I grew up in Boring, Oregon (that's not a typo). I'm an aerospace engineer by training (public school). I worked on designing and building electric passenger vehicles back in the 90s (the first time they were cool) but then went to b-school (Ivy league) graduating in 1999 and have been a serial entrepreneur since as founder or CEO (i.e. the "business guy").
The first hacking I did was in 1982-ish on an Apple IIe. The last true hacking I did was in the early 90s using FORTRAN77. I wish I were more of a hacker now, but alas I don't have the patience.
Anyone can read and post to HN (and I have been doing both for about 6 months) but I'm curious who the core folks here are and what's the view of mutts like me?
I live in a small industrial northern English city, about 10,000 miles from the buzz of Silicon Valley both physically and metaphorically.
I don't know how to code except a bit of really basic stuff, I don't have an education from a top university, I don't own a laptop or an iPhone or even my own home PC.
I don't work at a company that makes mashups out of widgets using the Google and Twitter APIs then turns them into Facebook apps.
But I still work in a startup, even though it's not in the web field.

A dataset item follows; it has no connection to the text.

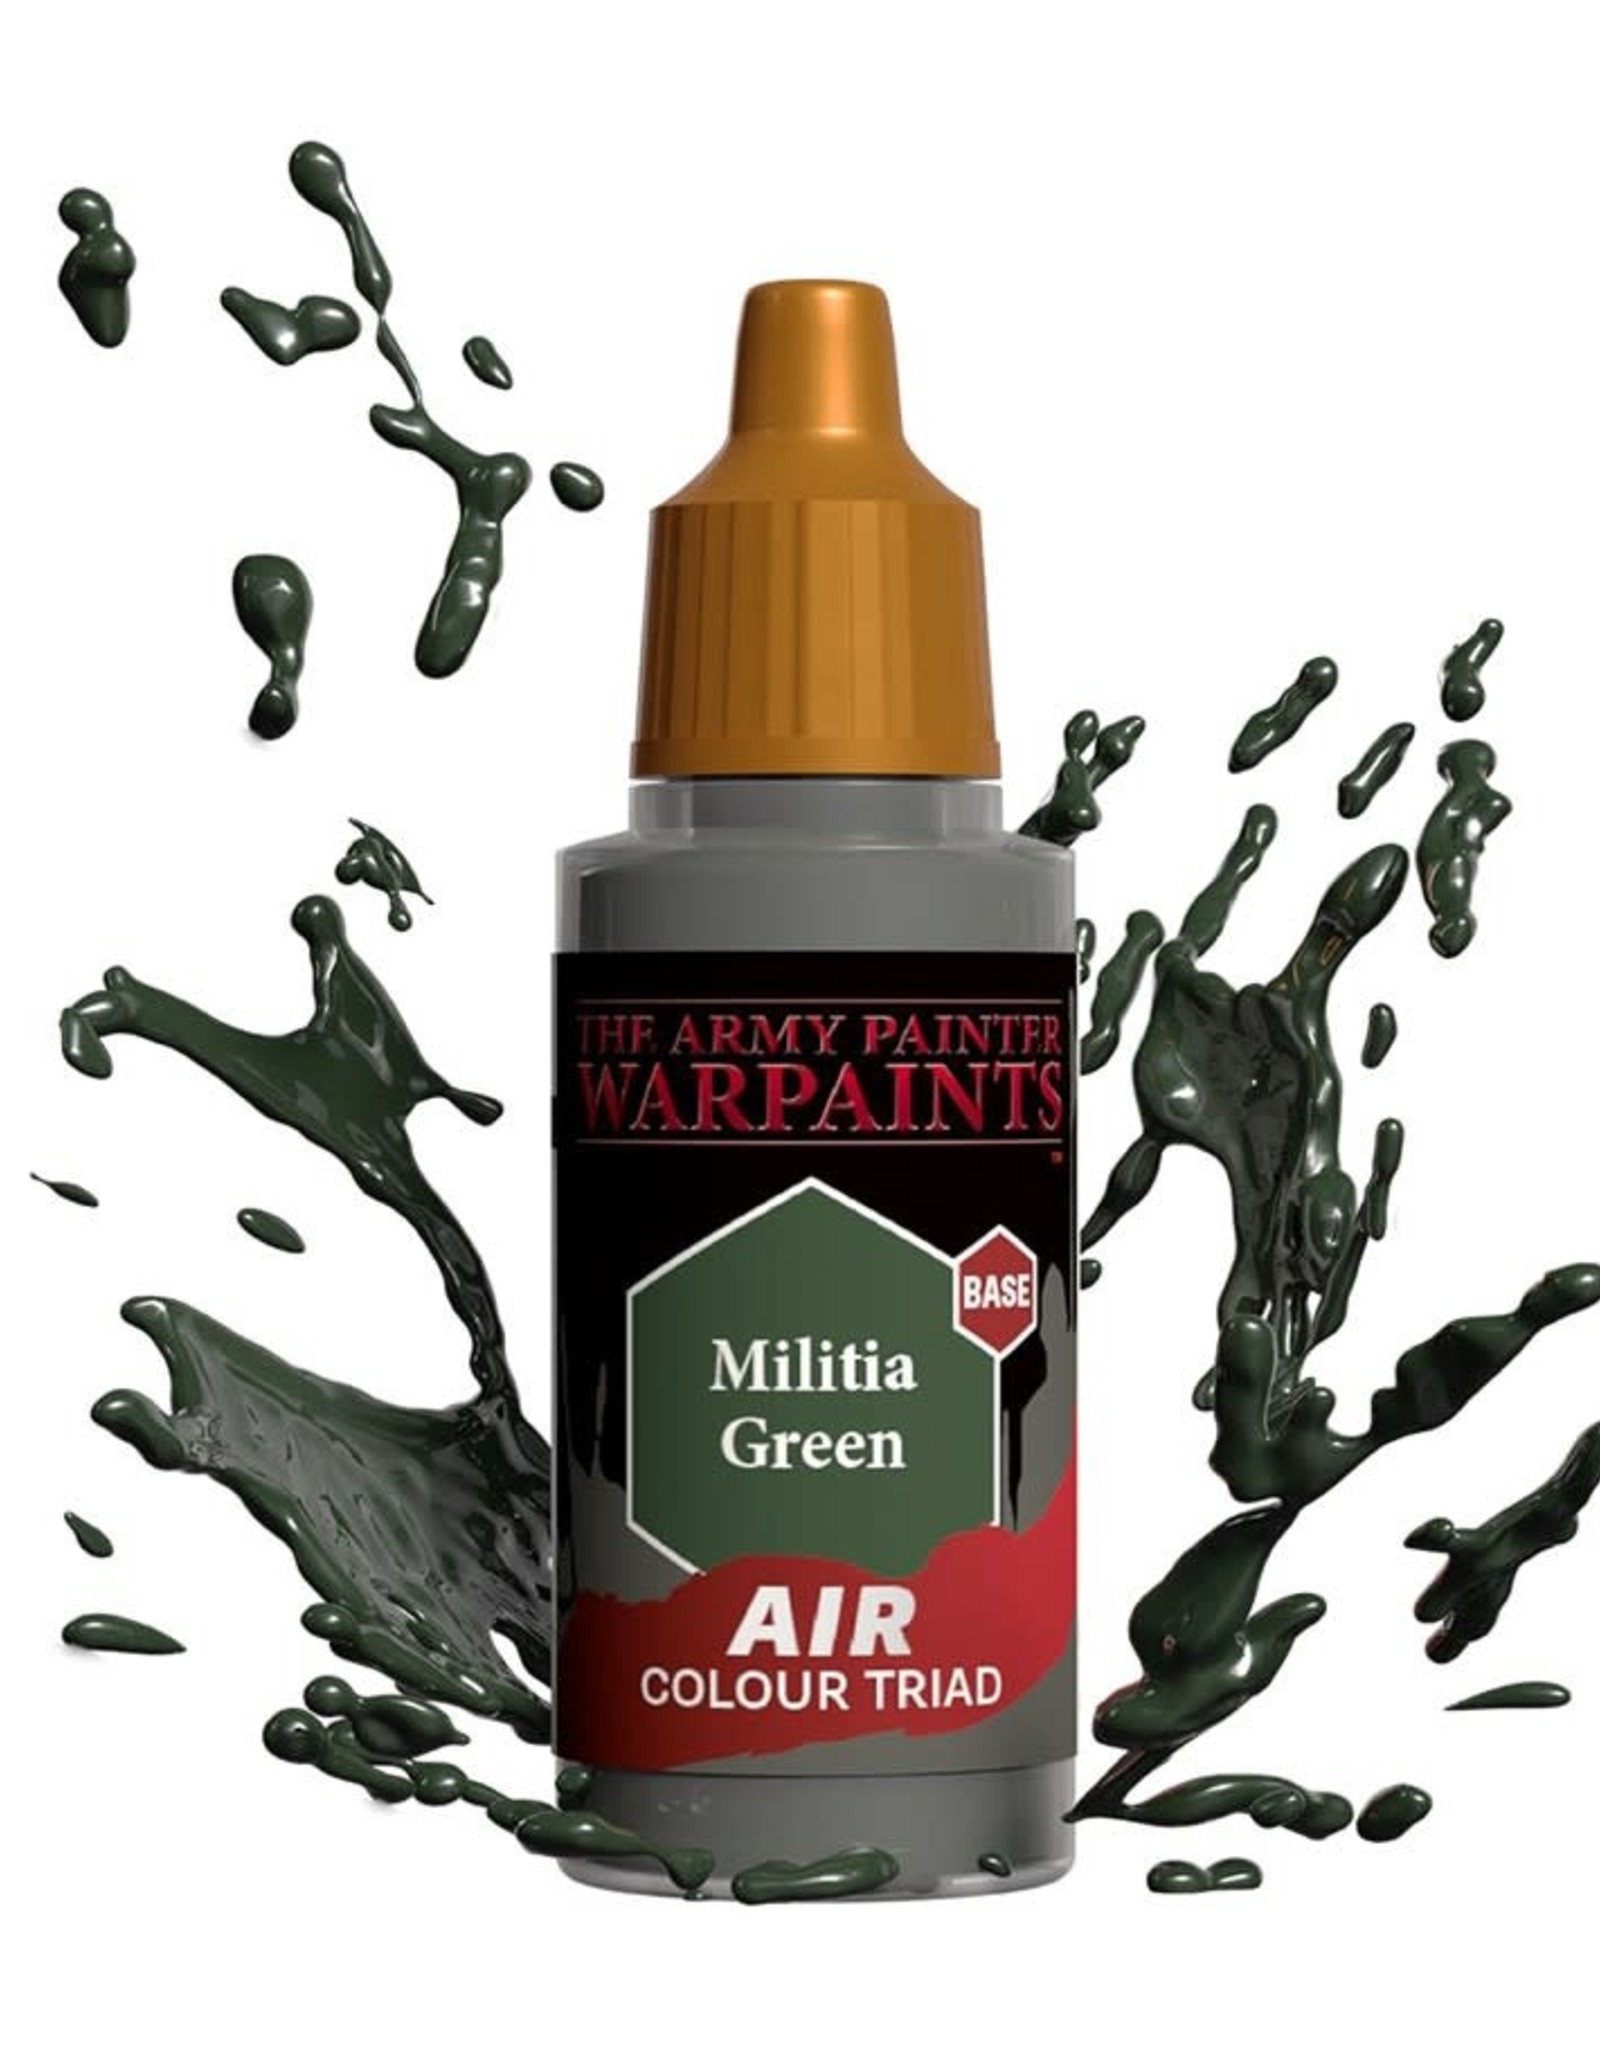 Warpaints Air: Militia Green

We're a new regional digital radio station on a platform called DAB. I love the startup atmosphere; it's so much more rewarding to come in every day and get stuck into building this thing up. It's not a web app, but it is a blank canvas for ideas and development-- we really want to do things differently to any radio station that's gone before and put to death the adage that "there are no new ideas in radio".
Personally, I take an interest in the way in which radio's using new web technologies like Twitter to have a two-way conversation with listeners and turn them into participants. I'm interested in the social news model and how it could be adapted for our medium. I want to give new life to a medium that's condemned as dying on a regular basis. We're really not "big bad old media", you know.
Some of the technical stuff on here goes way over my head, but the quality of submissions and discourse is far better than other social-news sites I could mention. I'd rather have a site that's a bit above my technical level than one that's full of conjecture about Apple laptops or pictures of cats.